Glimpse Inside Freeport Stem Cell Clinic


Tribune Freeport Reporter


OKYANOS Cell Therapy Clinic held its first open house on Friday allowing persons inside for a guided tour and to see how stem cell therapy is performed at the facility in Freeport.

Many persons took advantage of this rare opportunity and were able to see the Philips cath lab – the most advanced cardiac catheterisation lab used for adult stem cell therapy.

Visitors were taken on a 15-minute tour in groups of about 10 at a time. The clinic, which was built at a cost of some $10m, opened last October and occupies the entire the second floor of the First Commercial Building.

It is the first stem cell therapy facility of its kind in The Bahamas, treating patients with advanced coronary heart disease, as well as a variety of other illnesses and conditions, with marked success.

Todd Malan, chief cell therapy officer at Okyanos, said the purpose of the open house was to inform people about what the facility and stem cell therapy is all about.

“We have been here working hard to get ourselves established and to get everything working well since October, and we really had some incredible success,” he told The Tribune.

“Some of that success has been with people here on the island that have talked to their friends and neighbours and say ‘this is what these guys are doing.’ But, for the most part people drive by everyday and say ‘there is that stem cell place, what do they do?’.”

Dr Malan said that adult stem cell treatment can cover a broad range of illnesses and conditions, including persons with poor blood flow, heart disease, and degeneration of tissue or organs, such as patients with rheumatoid arthritis. He said that diabetic patients, and persons with Multiple Sclerosis can also be treated with adult stem cell therapy.

“We have treated patients (here) in their 80s and in their teens also,” he said.

According to Dr Malan, the stem cell therapy procedure is very safe and recovery is quick, with patients leaving the same day.

He noted that persons with arthritic knee problems will be told by their doctors that they will have to get joint replacement surgery when they can no longer bear the pain.

“With that, there is so much down time discomfort and paint associated with that, and while you can function well, you are still limited in your activities because you have an artificial joint,” said Dr Malan.

However, he explained that stem cells actually rebuild damaged cartilage.

“Stem cells regrow the blood supply so that the cartilage can last longer so we can really restore you back to normal and so you don’t need to undergo such a dramatic surgery,” he explained.

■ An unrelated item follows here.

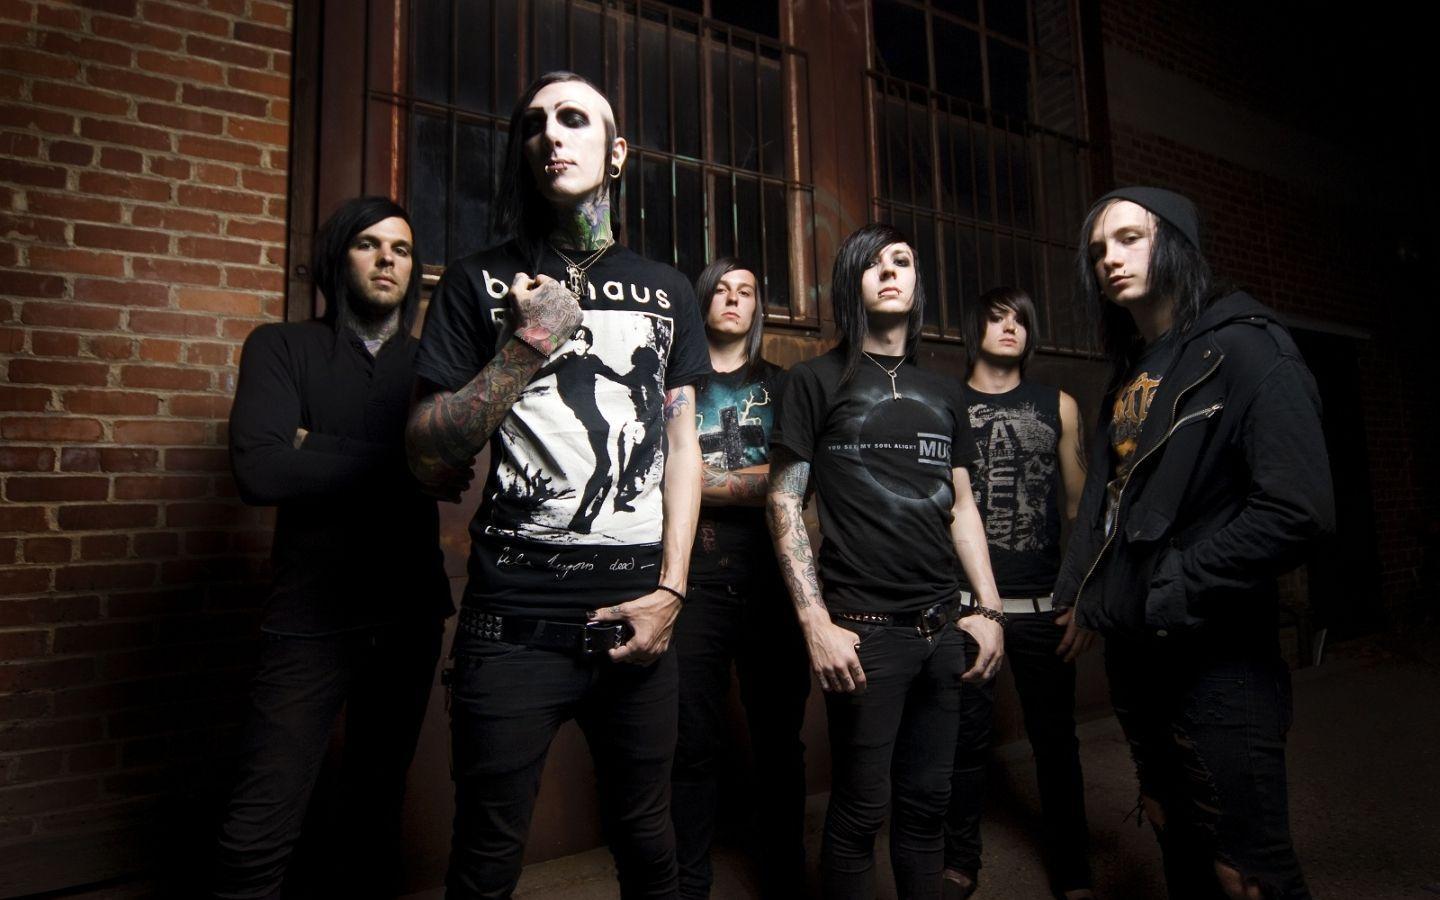 Altwall: Скачать Motionless In White wallpapers

During the tour, visitors were shown a Cytori device, which is used to separate stem cells from the fat tissue, which is extracted from the patient. This process takes two-and-a half hours, and can yield 20 million to 170 million stem cells.

When asked whether they have encountered any challenges when administering stem cell therapy to patients, Dr Malan said the procedure is very safe.

“Thousands of these procedures are done throughout the world and they are safe; statistically, it is safer to have this procedure done than to drive your car,” said Dr Malan, who has been involved with stem cell research since 2009.

“We do take care of some very sick patients with severe heart disease and immune disorders. When dealing with them, even though it is a minor procedure, we still have to have the capability of taking care of some really sick patients, and we have a wonderful facility that has capability of dealing with a wide verity of illnesses and conditions,” he said.

There are five recovery rooms that are equipped as ICU units at the facility. The total time that patients spend at the clinic is from five to six hours, depending on the kind of treatment, and cardiac patients spend 12 hours.

The clinic has treated a fair number of patients from Grand Bahama and Nassau for everything from heart disease to Alzheimer’s and joint disease.

“We are very impressed with how quickly the word has spread among folks on the island in regards to (a) treatment option that is better than anything available in the US,” Dr Malan said.